CHAPTER III
THE ISTHMUS OF PANAMA
Canal Entrance—Colon in Architectural Transformation—Unchanging Climate—Historic Waterway Routes—Columbus and the Early Explorers—Darien and San Blas—East and West Directions—Life along the Railway—Chagres River and Culebra Cut—Three Panamas—Pacific Mouth of the Canal—Functions of the Republic—Natural Resources—Agriculture and Timber—Road-building—United States Authority on the Zone—Labor and Laborers—Misleading Comparisons with Cuba—The First Year’s Experience.
WHEN the Caribbean is restive, restless is the voyager. After tossing in misery one April night I peered through the port-hole of the steamer’s cabin at what seemed a cluster of swinging lanterns dipping into the sea.
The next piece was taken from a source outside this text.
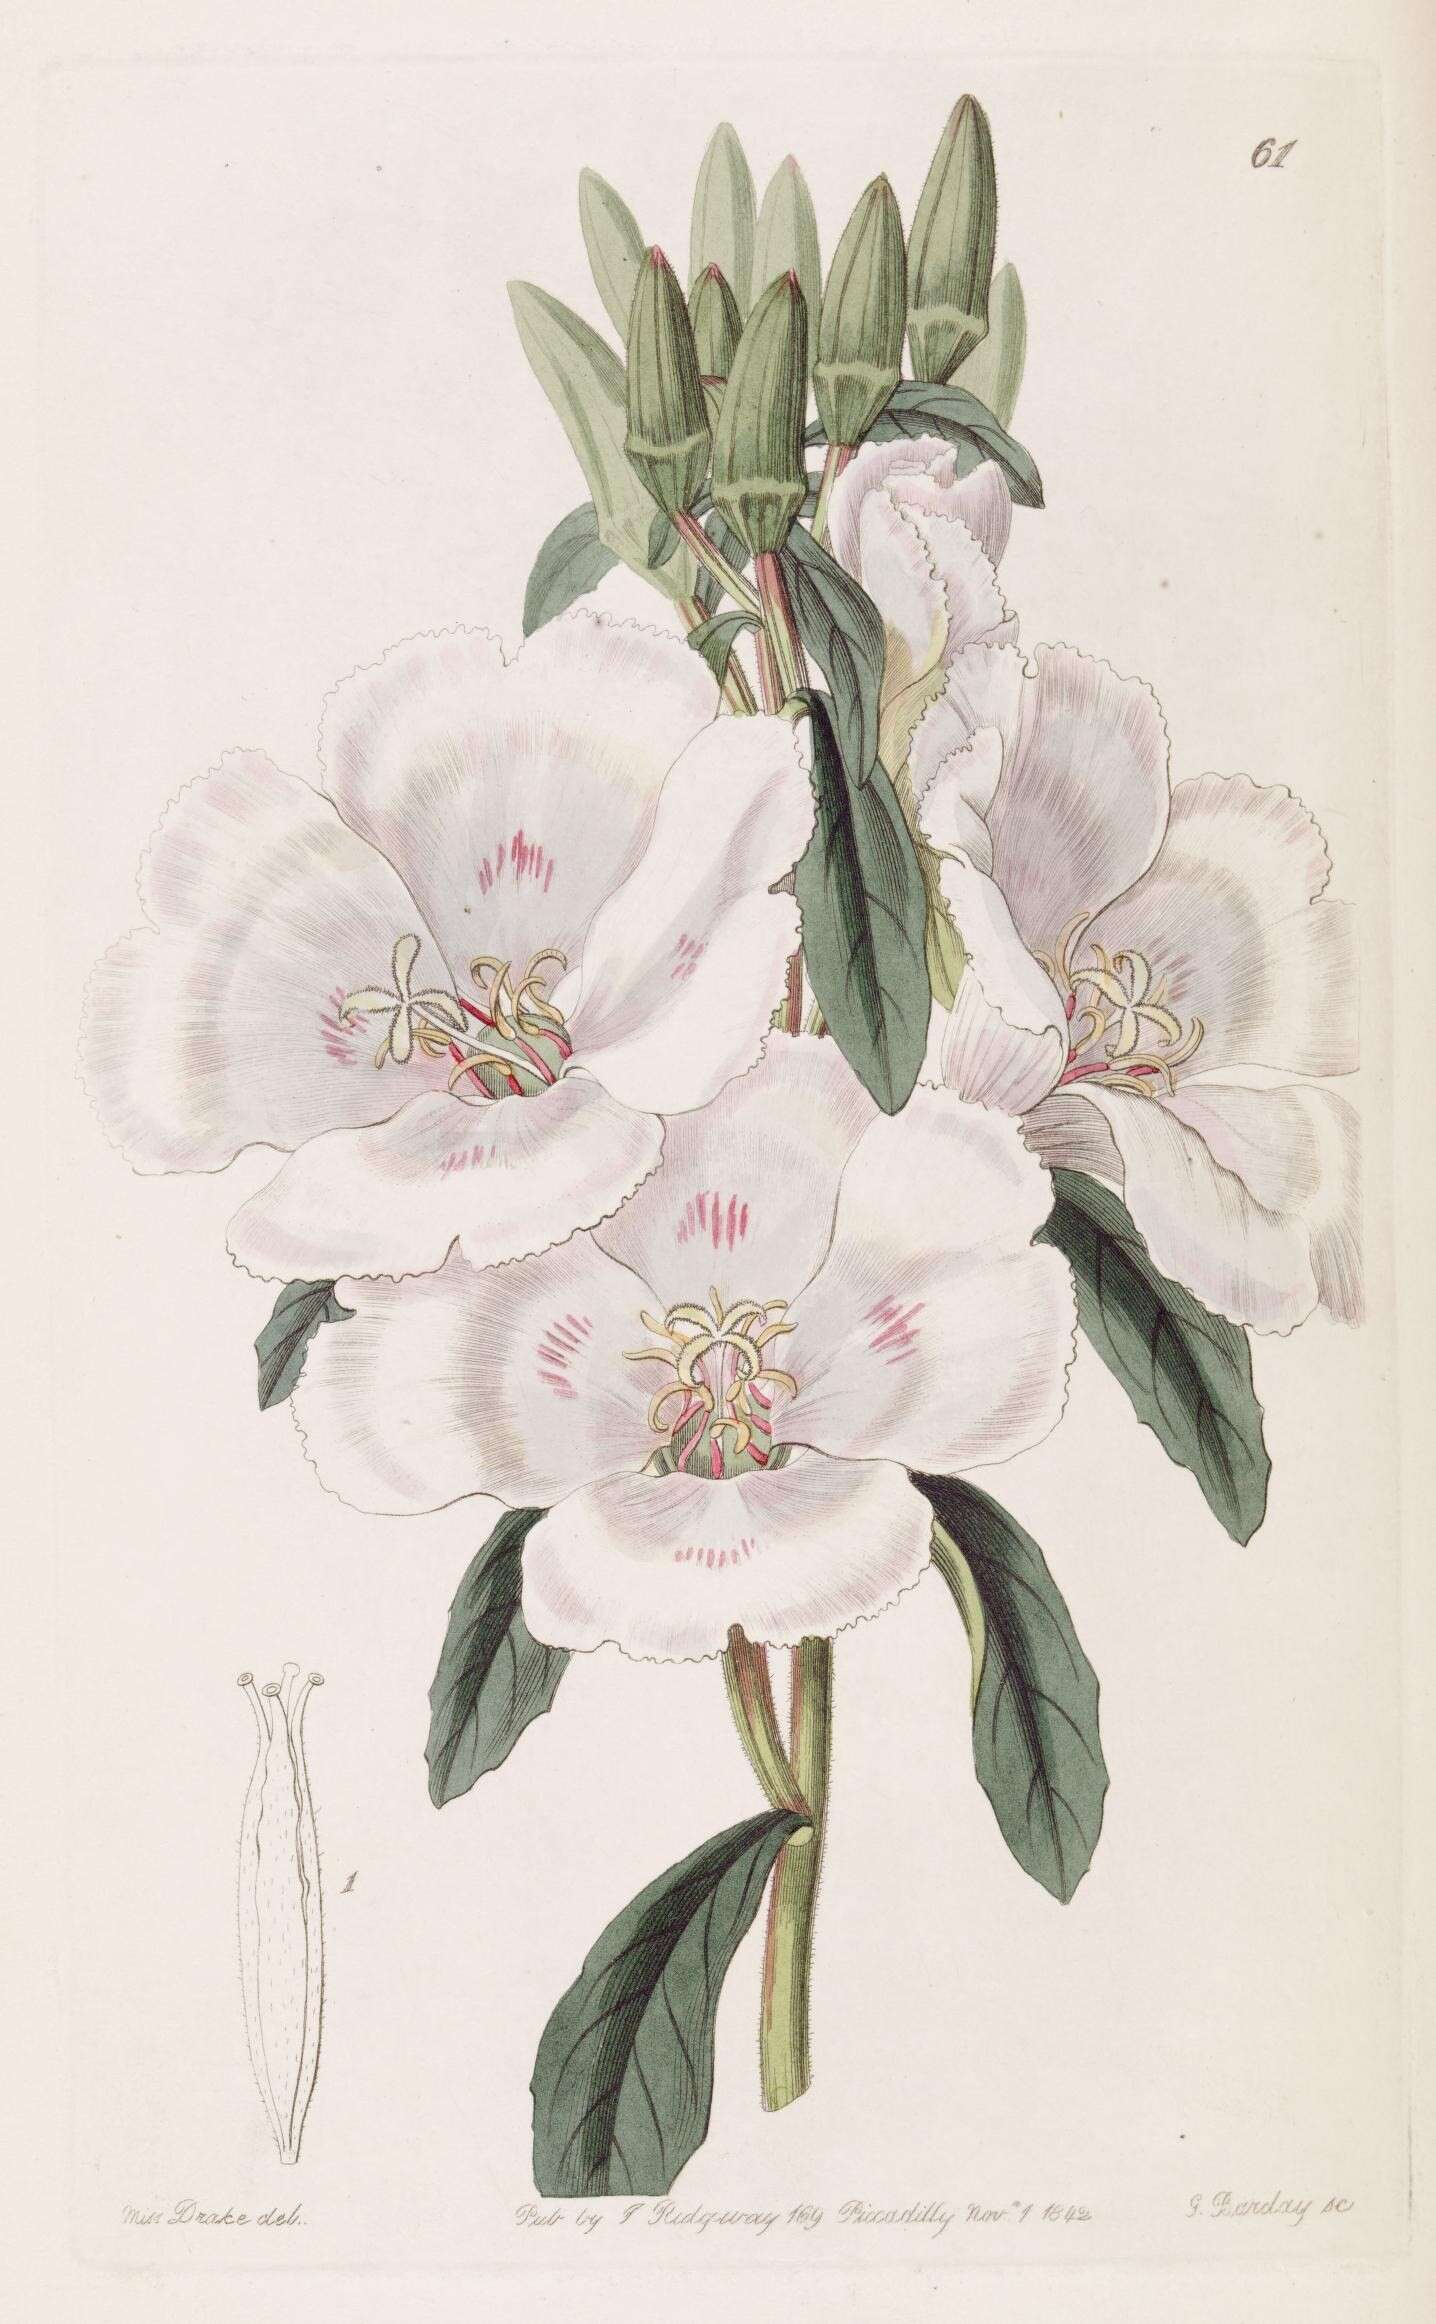 Image de Clarkia amoena subsp. whitneyi (Gray) F. H. Lewis & M. E. Lewis

They were the lights of Colon. The vessel was riding at anchor to await the morning hour when the approach to the quays could be made.
Daybreak unfolded through the mist, disclosing green foliage ridges and broken forest-clad hills sloping to a shallow bowl. This circular basin is the island of Manzanillo. The town lies as in the bottom of a saucer. Colon is not a harbor in the usual sense, for the curving Bay of Limon which it fringes is an open roadstead. The improvements by the United States will make it a commercial haven.
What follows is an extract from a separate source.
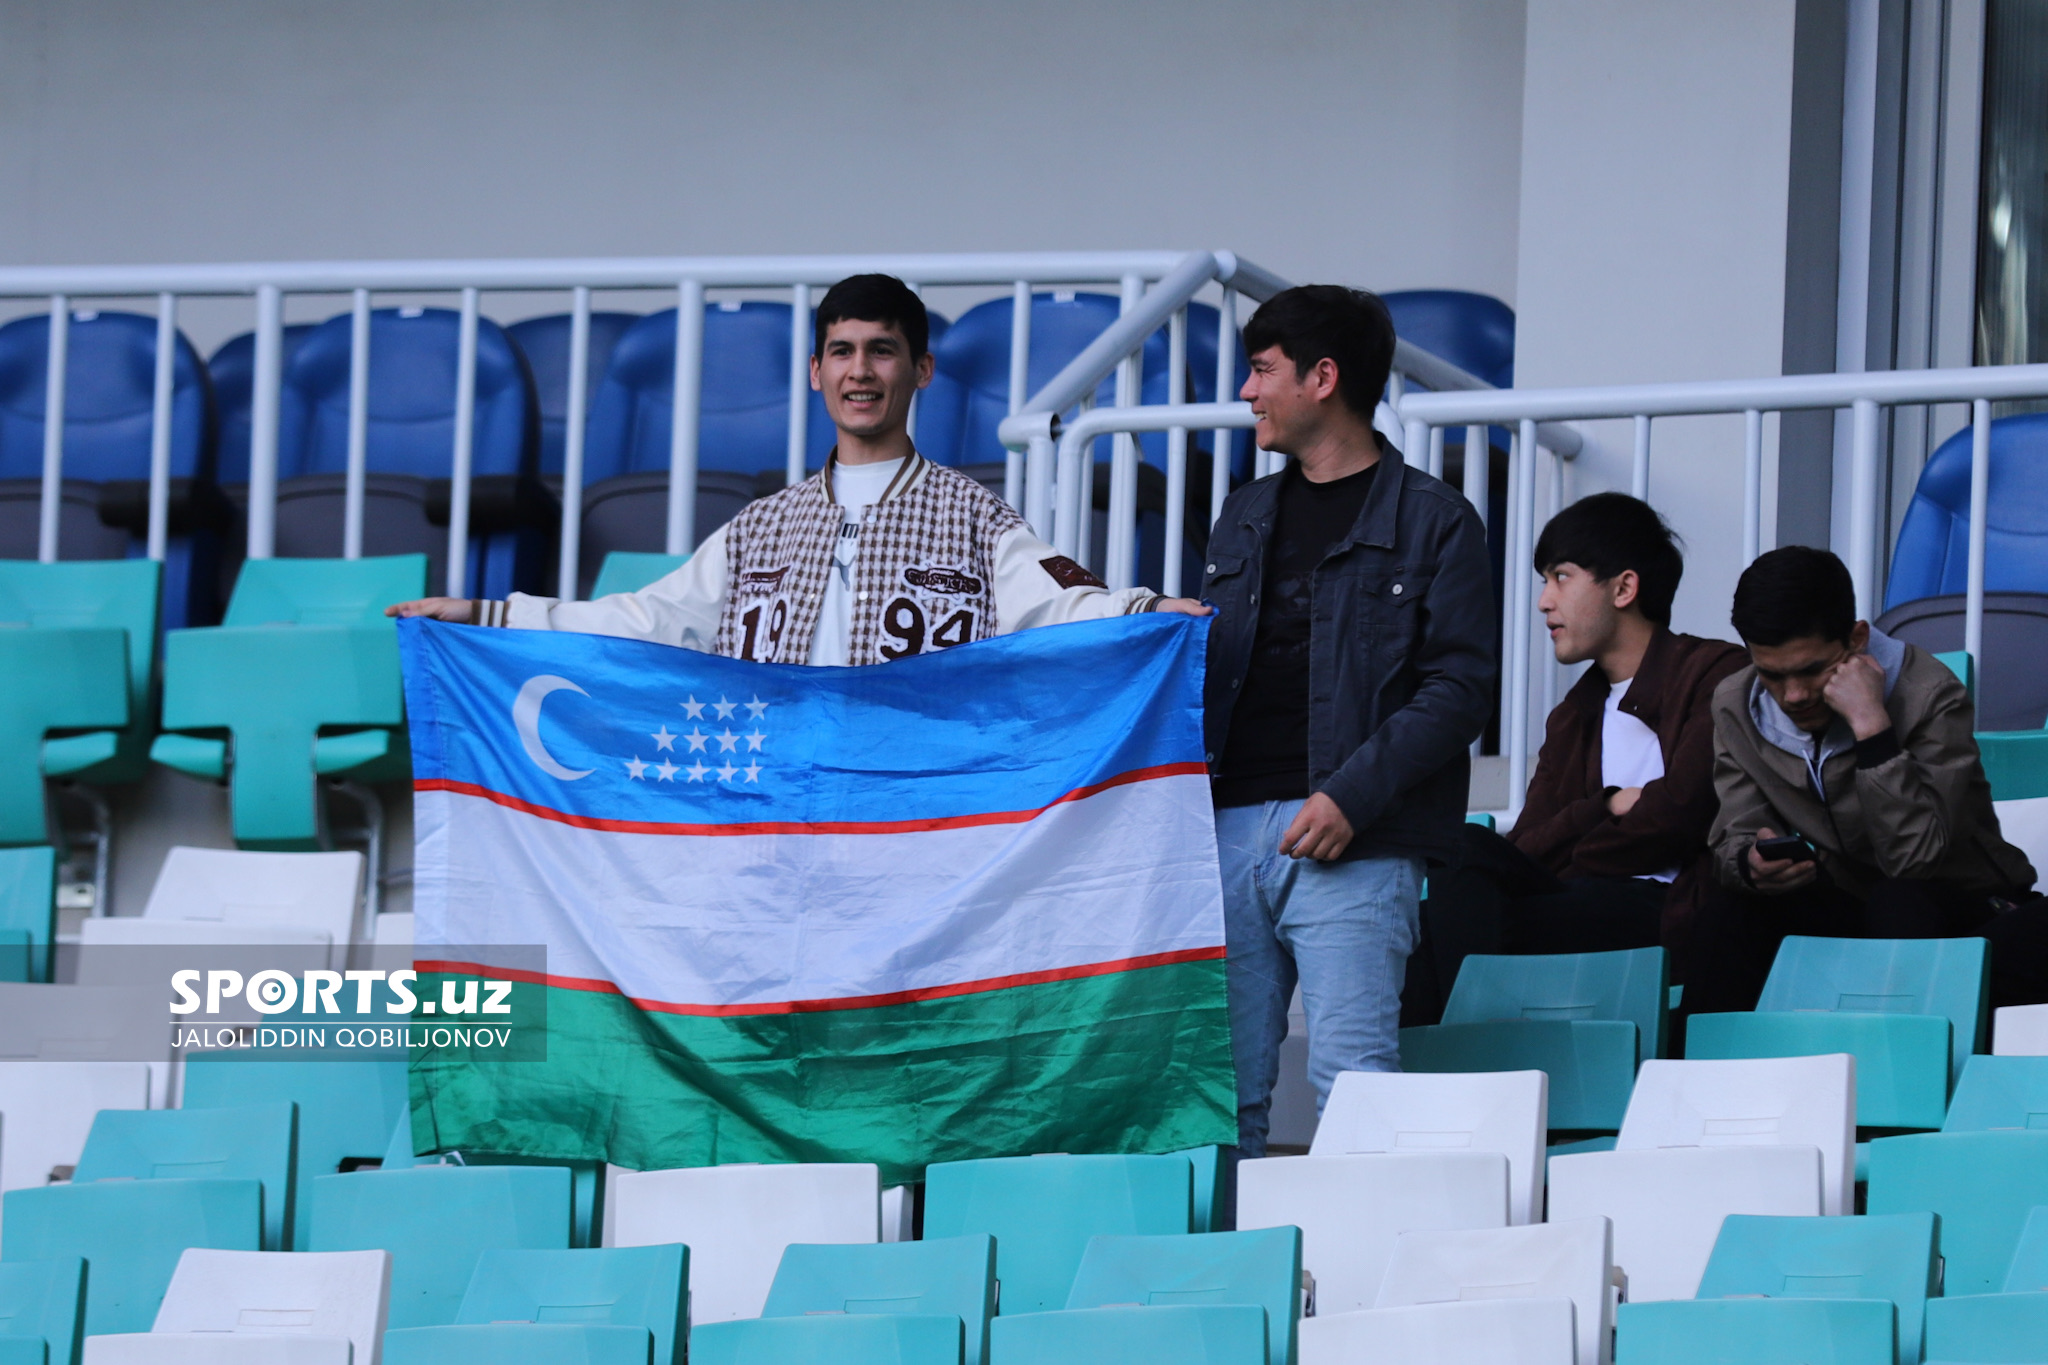 Uzbekistan - Iraq fans

For all the years to come the blue horizon will be swept by the eager eye of the traveller for the Canal entrance. Seen from the ship’s deck, it is like the smooth surface of a sluggish river, broad and open. The artistic instinct of the French engineers found expression even in the prosaic work of earth excavation. They planted a village in the midst of cocoanut groves, and the palm-thatched cottages charm the eye. The bronze group of Columbus and the Indian, Empress Eugenie’s gift, allegorical of the enlightenment of the New World, may be seen through glasses, while the showy residence built for De Lesseps is discerned.
The De Lesseps House, Colon
Little is noted of the town till the wharves are approached. There is a group of warehouses, a glimpse of railroad yards, a conglomeration of frame houses with peaked roofs and outside balconies and stairways, and then swamps, marshes, and hills beyond. The great transatlantic liners stretched along the docks are far more imposing than the port town itself.
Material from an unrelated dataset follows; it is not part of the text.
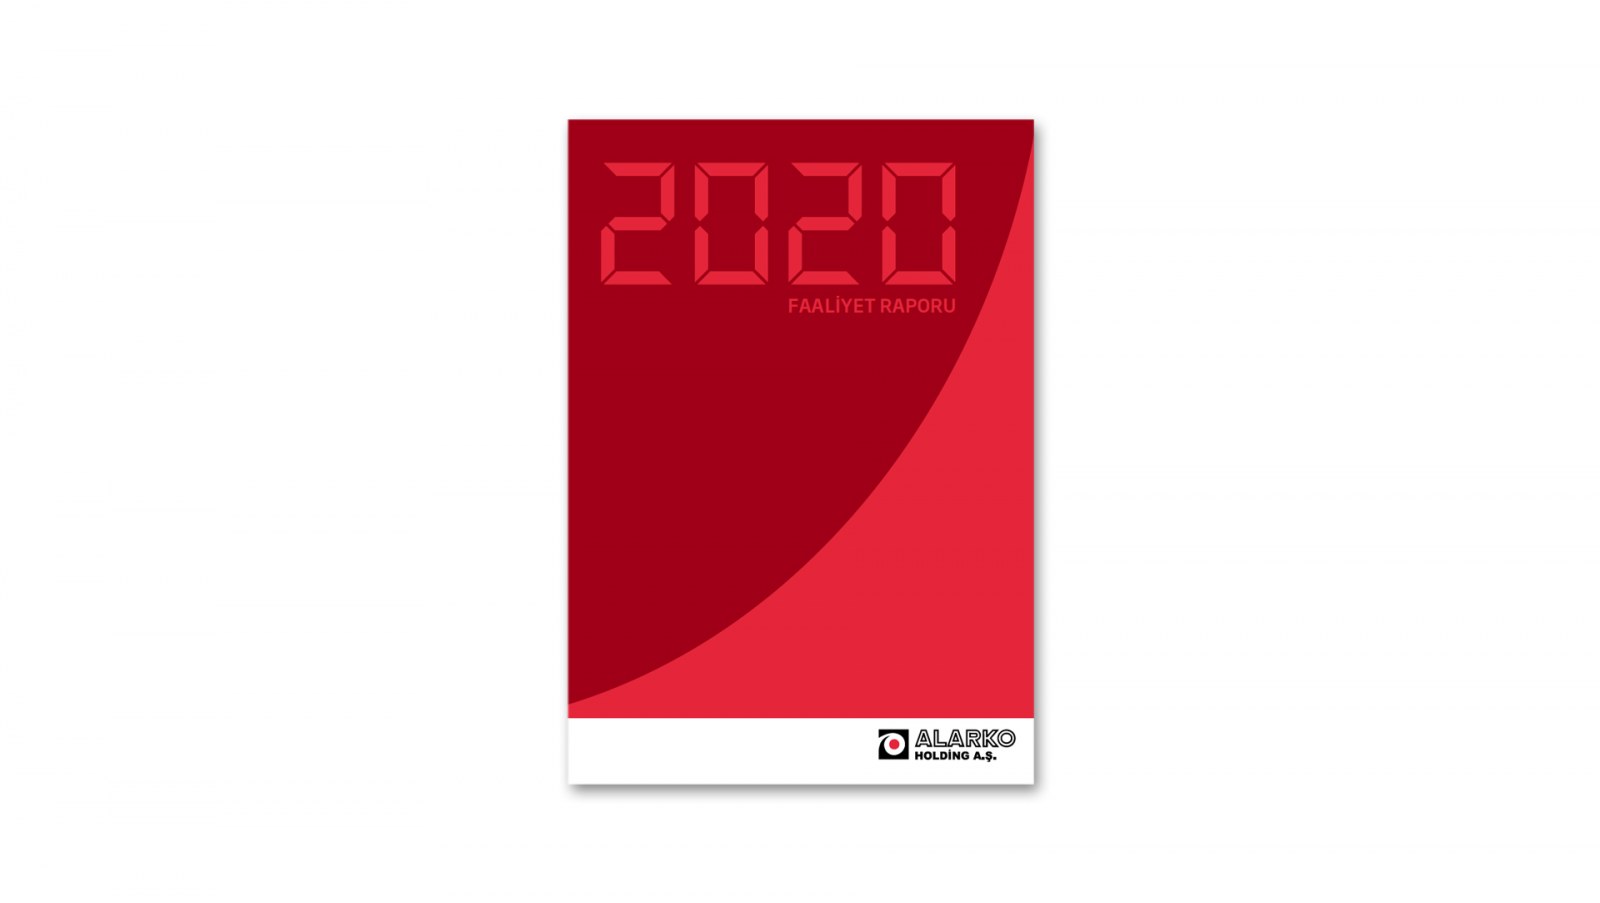 ALARKO HOLDİNG / 2020 Faaliyet Raporu / 2020 Annual Report

Ashore, the frame structures give an impression of all that is temporary and unsubstantial. Some have been streaked with deep indigo blue, but the sun and the salt air have worn the pigment to a faded azure. Colon has little that is typically and traditionally Spanish, because when the insurgents burned it in 1885 they left only a few brick and mortar buildings. The town which then sprang up was built with economy in view, though pine lumber was not very cheap. The newer city which gradually will replace the aggregation of shanties will be more substantial and more like a permanent seaport. The Gothic brownstone church in which the Jamaica negroes and the whites who profess the Anglican form of faith worship, is the one edifice in Colon that in the transformation should be allowed to remain.